You will notice that I do use object initialisers. “That’s hypocritical of you!”. Perhaps, but I use them when the number of properties is small. I’ve kept it to 3 for now. Object initialisers in my case also made it easier that I don’t have to declare and instantiate new classes with actual variable names.

I understand why the SDK tool generates source code the way it does. It has to do with completely iterating through every single part and class of the root class SpreadsheetDocument. If you’ve ever written code to traverse a tree structure, you’ll know how tedious it can be.

The one thing the SDK tool lacks about the source code it generates is context. It runs through the entire Open XML document structure like a squirrel looking for every single acorn on a tree. It doesn’t stop to check any acorn for size, defects or even if it’s an acorn. Look, winter’s coming soon, and the squirrel doesn’t have all day telling you that this particular acorn is related to that particular acorn, and no it doesn’t care how big the acorn is, it’s got the teeth to eat it, ok?

Why are we talking about squirrels again?

So, after about 20 thousand lines of code, I’m just barely getting my software into beta mode. Halfway through that, my heart sank with the enormity of the task. In order to generate more readable code, I cannot iterate through the XML tree structure like the SDK tool. I had to stop and make sense of what the class was.

That made me look at the SDK help file and the ECMA-376 specification file way too much… Did you know the ECMA spec is like over 5000 pages long? And that’s part 1. Parts 2, 3 and 4 are smaller, but still heavyweights in their own right. And there are so many classes and child classes and grandchildren classes and properties and…

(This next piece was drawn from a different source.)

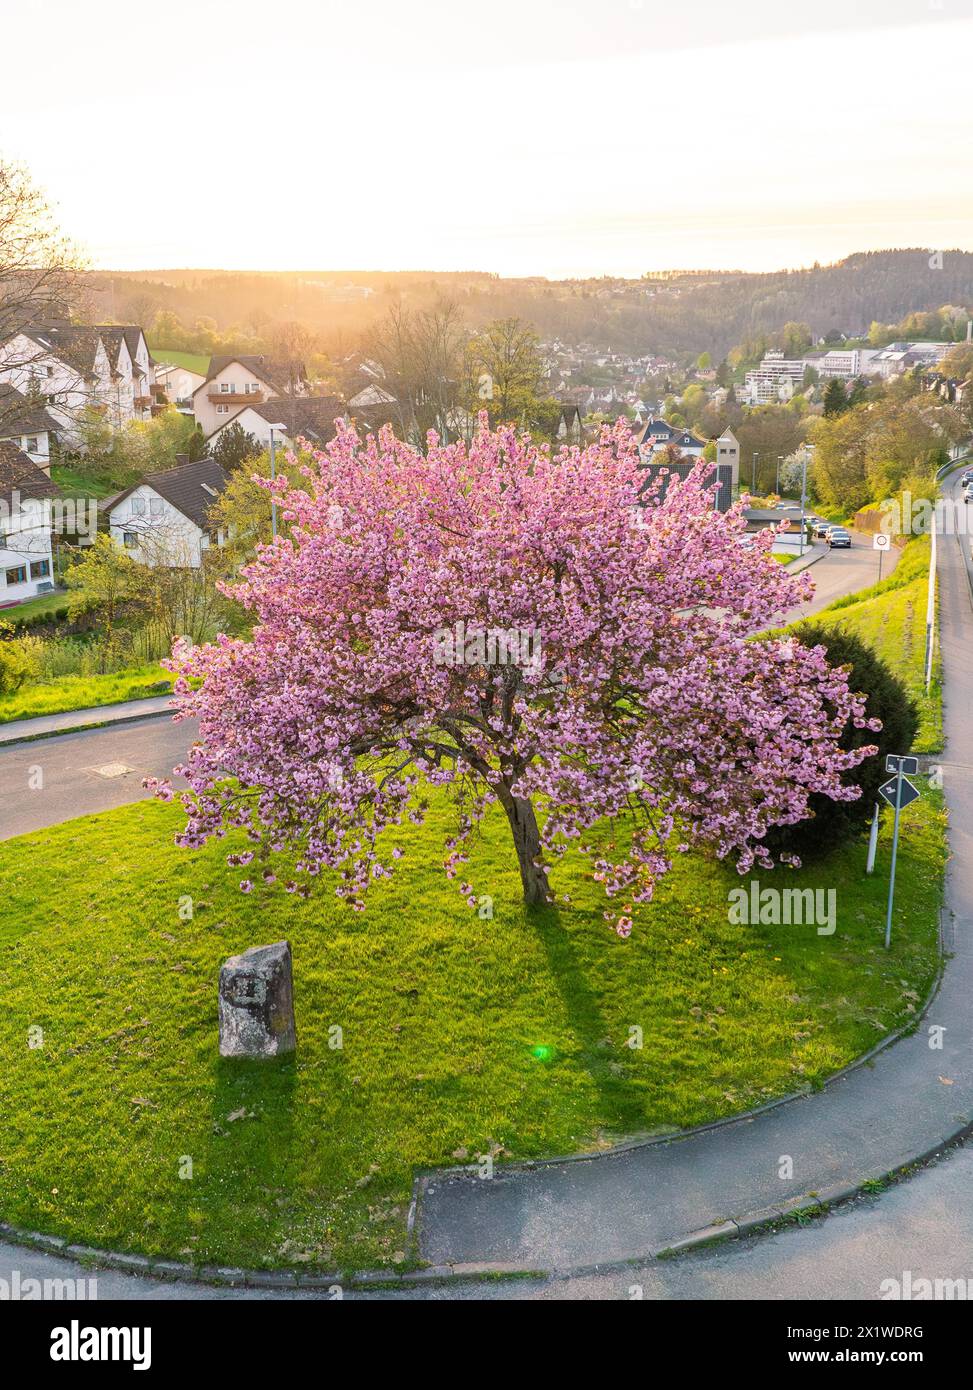 A peaceful scene with a blossoming tree on a street corner during dusk in a suburb, spring, Calw, Black Forest, Germany Stock Photo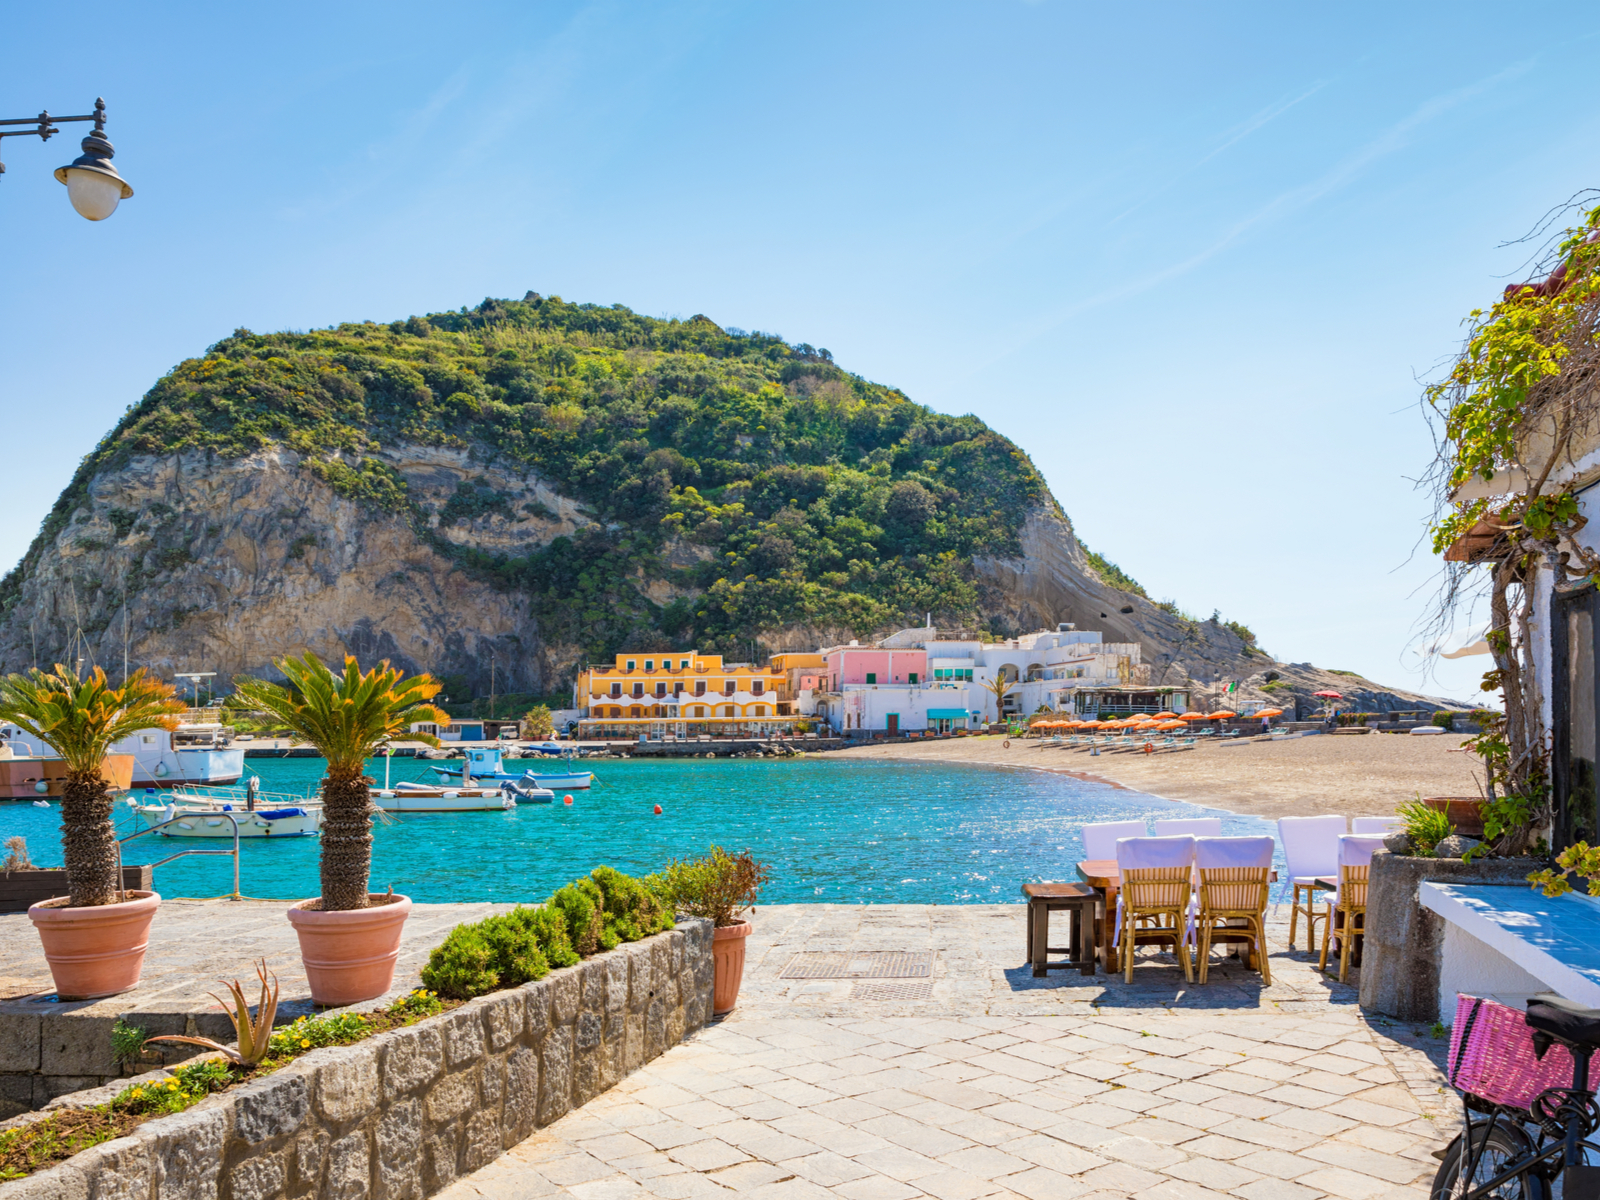 Ischia Island, one of the best places to visit in Italy, pictured from outside a cafe

I’m going to at least make a valiant effort to have the software self-complete on a subset of the Excel functionality (and thus a subset of the SDK). If you’re interested, I present to you SoxDecompiler. As of this writing, I’m just trying to see if people are interested in the software, so it’s just a page to collect email addresses of the people interested in the software. I think I wrote “interested” way too many times…

For some reason, the name conjures an image of a thread slowly unravelling a sock. But I like it. It stands for “Spreadsheet Open XML Decompiler”.